Building bridges: Why Rob runs

Humanities

- Jenny Manzer

Rob Fleming at Victoria’s Johnson Street bridge.

Rob Fleming kick-started his political career at the University of Victoria before becoming a city councillor at age 28. Then, as BC’s education minister, he navigated school during a pandemic. 

Sometimes, a new future starts with some history. In Rob Fleming’s case, studying history at UVic led him to his calling as a politician and to his life partner. Fleming became well known as an NDP MLA for Victoria-Swan Lake and as BC’s education minister for grades K-12. He started out at UVic in social sciences and moved quickly to the faculty of humanities, which led to an undergrad degree in history. “It was just an incredible experience,” he reflects.

As a student, Fleming (BA ’02) soaked up information about the history of the labour movement and environmentalism in BC. “He already had a social-justice orientation and was wanting to work on projects that had to do with social change and the history of social change in British Columbia,” recalls UVic professor John Lutz, who has kept connected with Fleming over the years. Lutz says Fleming’s history studies likely also showed him something important—that individuals can make a difference.

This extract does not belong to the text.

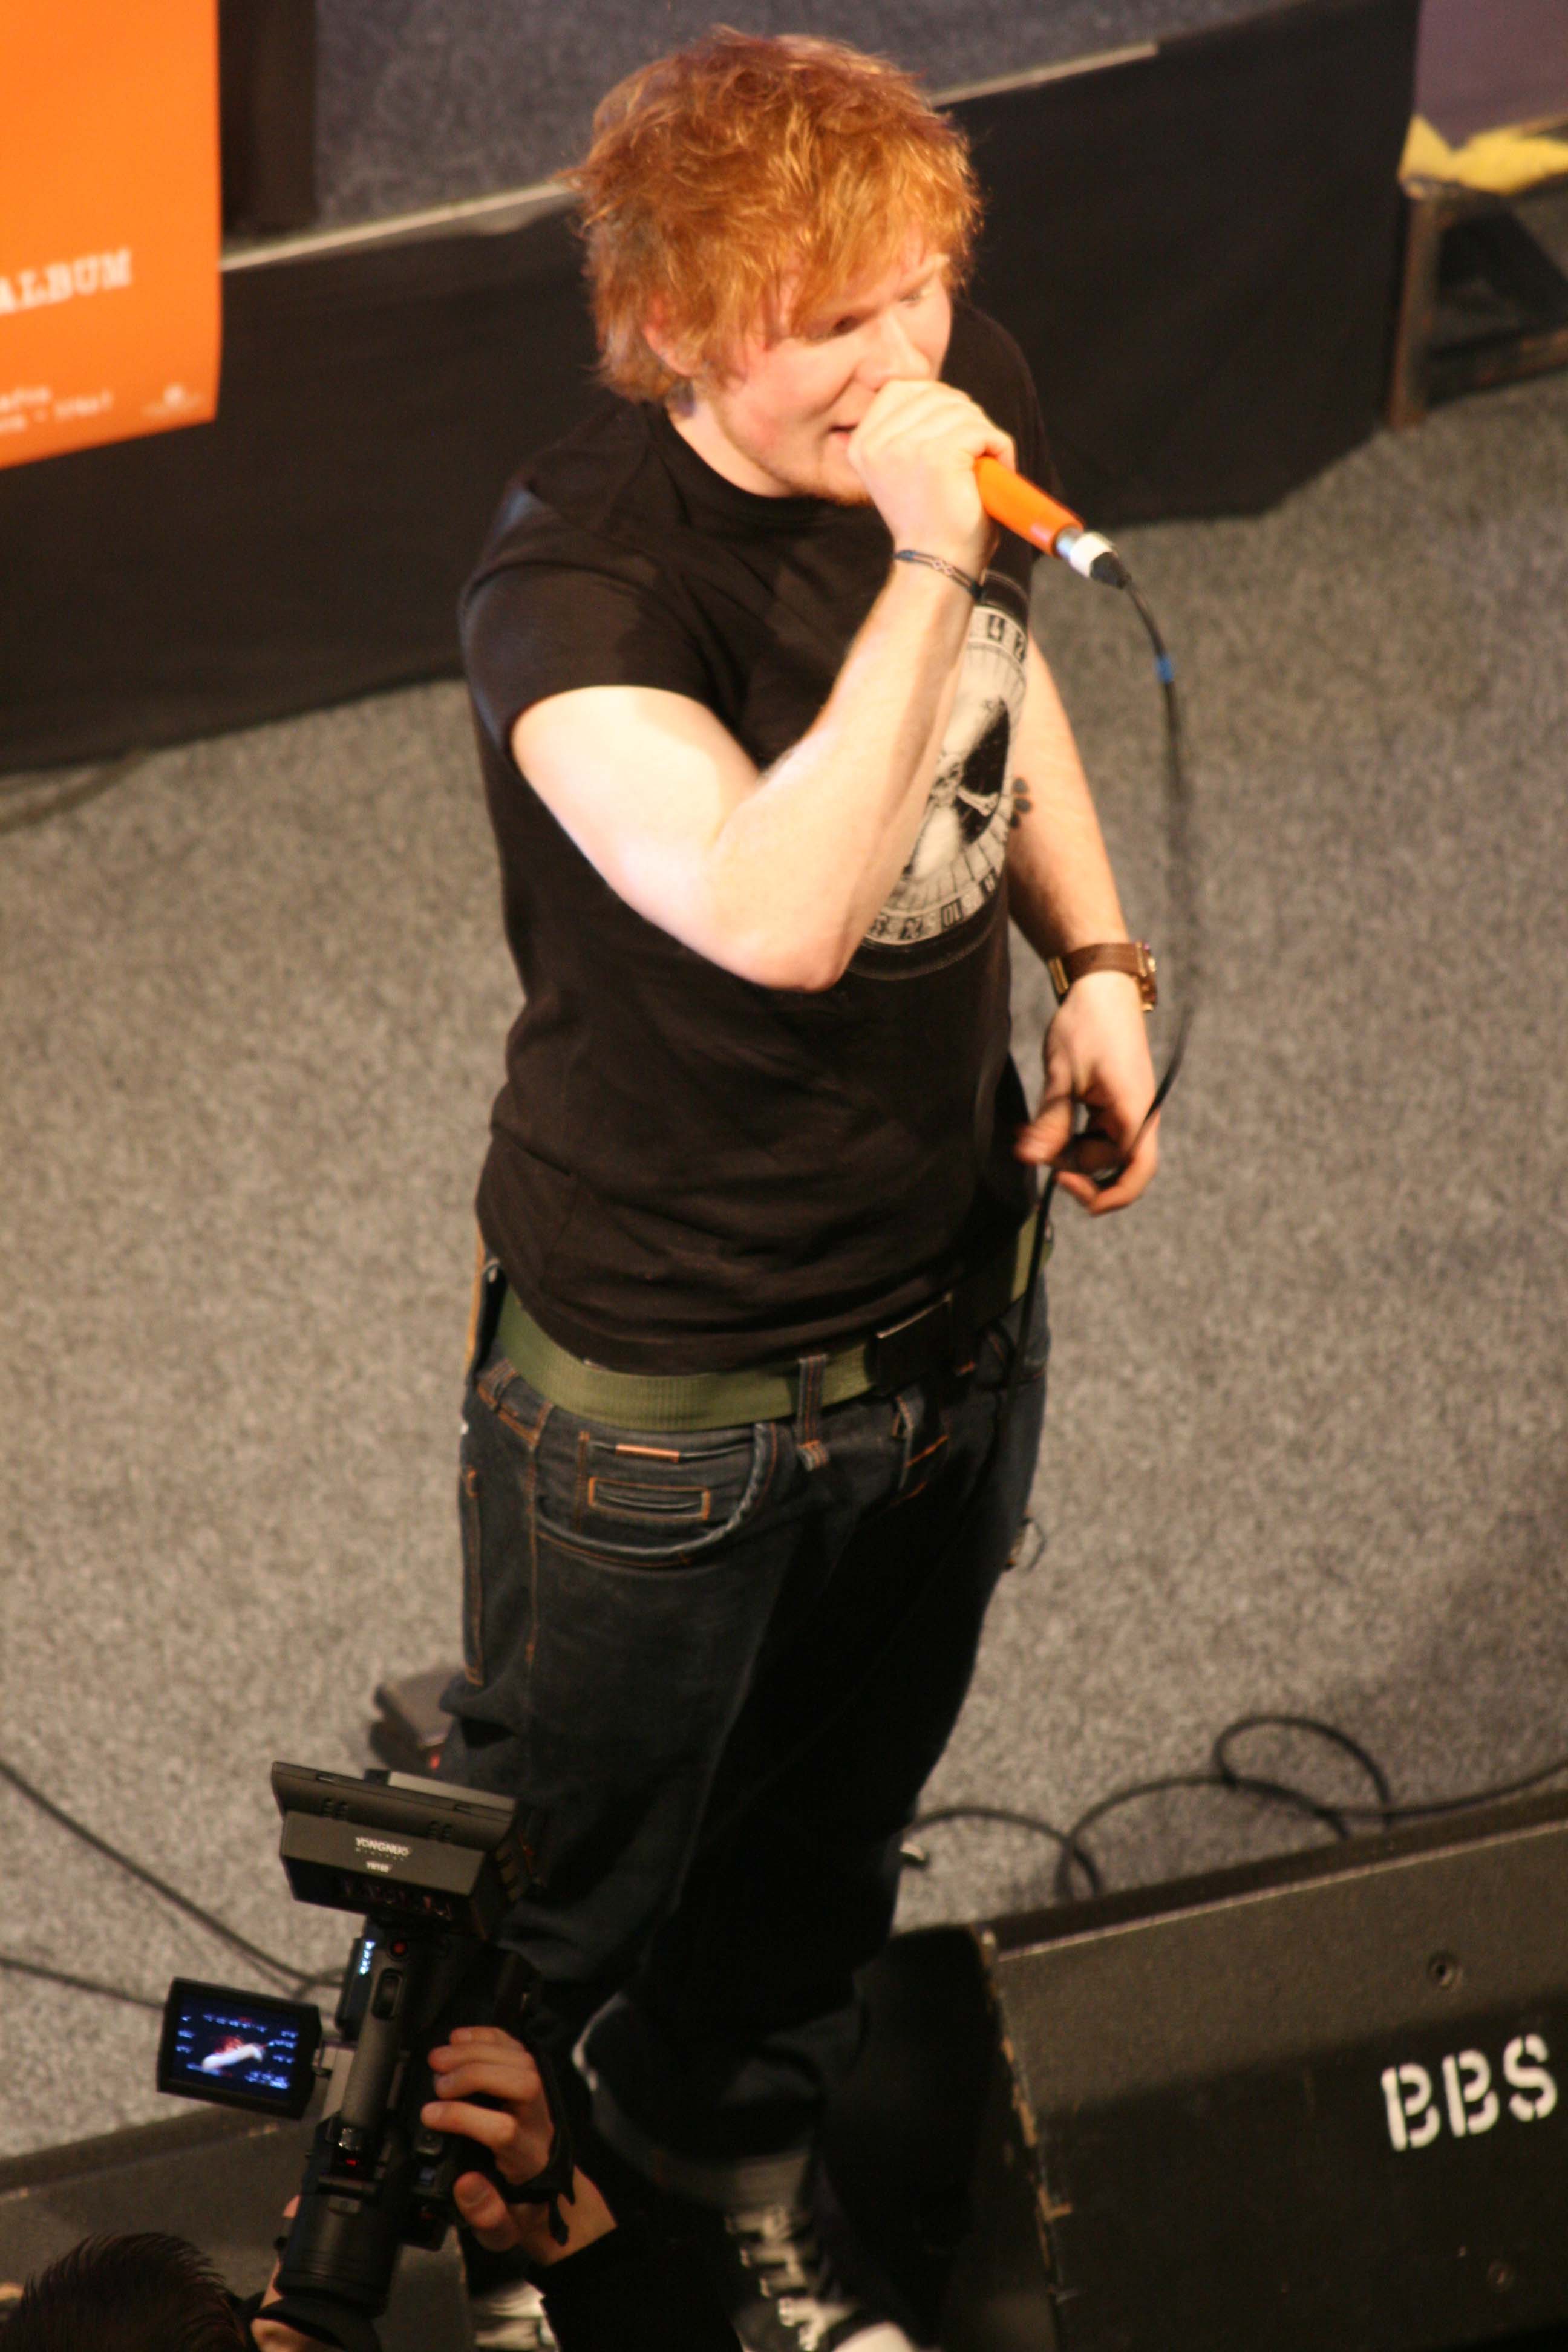 Ed Sheeran live performance at Alexa Berlin

While Fleming was earning credits at UVic, he also learned how to be a politician. As president of the UVic Students’ Society, Fleming worked on the BC Transit Universal Bus Pass, a mammoth project that the team, including what he terms “the mavericks” at BC Transit, accomplished in about nine months. The end result was a win for students and the environment. He says he learned at UVic that gaining support through consensus is a good impulse in politics.

“I was really glad I got involved in the Student Union. I learned a lot about managing things and working with people from different backgrounds to get things done and make some really good changes—work to always build a bigger tent that’s inclusive of people.” And, he adds, student politics was fun—including organizing large-scale concerts.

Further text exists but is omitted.